BP's $500m compensation payout to the US state of Alabama, for the one of the world's worst environmental disasters in recent history, is merely the tip of the iceberg and state residents should file more claims, says a state official.
Speaking at a set of meetings related to the state's claims in court for compensation from BP's Gulf of Mexico oil spill, Alabama Attorney General Luther Strange said that the half a billion dollars settlement is just the start and that the state had not received a fair share of the $3bn (£1.9bn, €2.3bn), in total payments so far.
Alabama's court-appointed BP claims administrator Pat Juneau confirmed to media agencies that Strange had hosted a set of meetings this week in the state, ahead of the region's appellate court, the equivalent of an appeals court in the UK, on 8 July.
The meetings were aimed to rustle up more potential claims related to business economic losses stemming from the an explosion on BP's Deepwater Horizon rig on 20 April 2010, which killed 11 workers and resulted in the largest oil spills and environmental disasters in history.
Some 72,000 of Alabama's coastal businesses and individuals have already filed claims, said Strange, but more people should come forward.
He added that the four million barrels of oil spilled into the Gulf of Mexico over about three months, would have affected the livelihoods of tens of thousands of people and more people should file for compensation.
However, Juneau warned that businesses or individuals that seek compensation, have to prove that they incurred a 15% loss at least, during the time of oil spill.
The deadline for individuals or businesses filing claims is 22 April 2014.
BP originally estimated that it would pay around $8bn in uncapped settlements for the oil spill.
According to the website for the Deepwater Horizon Economic and Property Damages settlement, the source of dispute for BP is the calculation of business economic losses.

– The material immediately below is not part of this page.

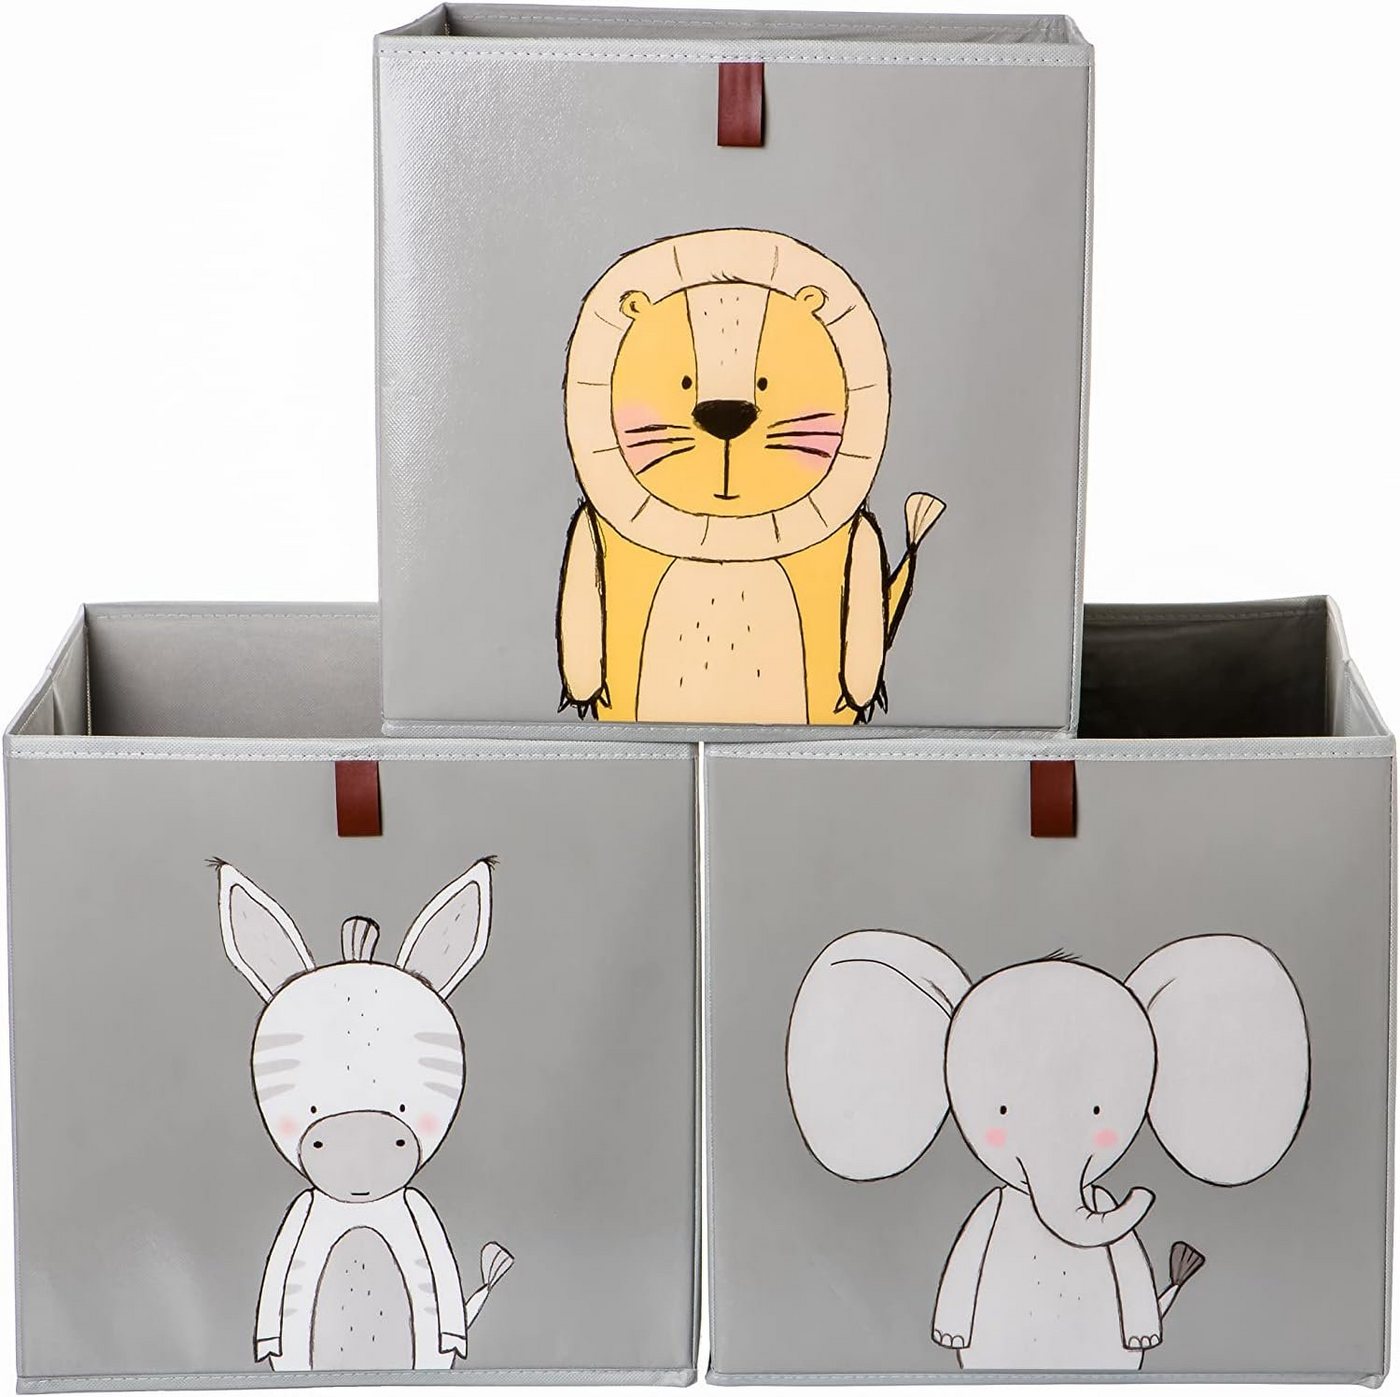 2friends Faltbox 3er Set Aufbewahrungsboxen für Kallax Boxen - Kinder Spielzeugkiste (33L x 33B x 33H cm), Abwaschbar Kallax Boxen mit Schlaufe zum Herausziehen Grau von 2friends

This accounts for $2bn of $3.47bn in claims deemed eligible so far.
It also identified another 9,000 people who are eligible to file a claim and this could add more than another $1bn to the compensation pot.
The claimant assistance centre in Mobile, Alabama said the state is the third among the five Gulf counterparts for claims, behind Florida and Louisiana.
In April, IBTimes UK calculated that the total costs for BP, resulting from the Gulf of Mexico oil spill, so far is steadily rising and, at current estimates, will top $42bn.
The case is in re: Oil Spill by the Oil Rig "Deepwater Horizon" in the Gulf of Mexico, on April 20, 2010, U.S. District Court, Eastern District of Louisiana, No. 10-md-02179. The appeal on claims is "BP Exploration & Production Inc et al. vs Lake Eugenie Land & Development Inc, et al." in the U.S. Court of Appeals for the Fifth Circuit, No. 13-30329.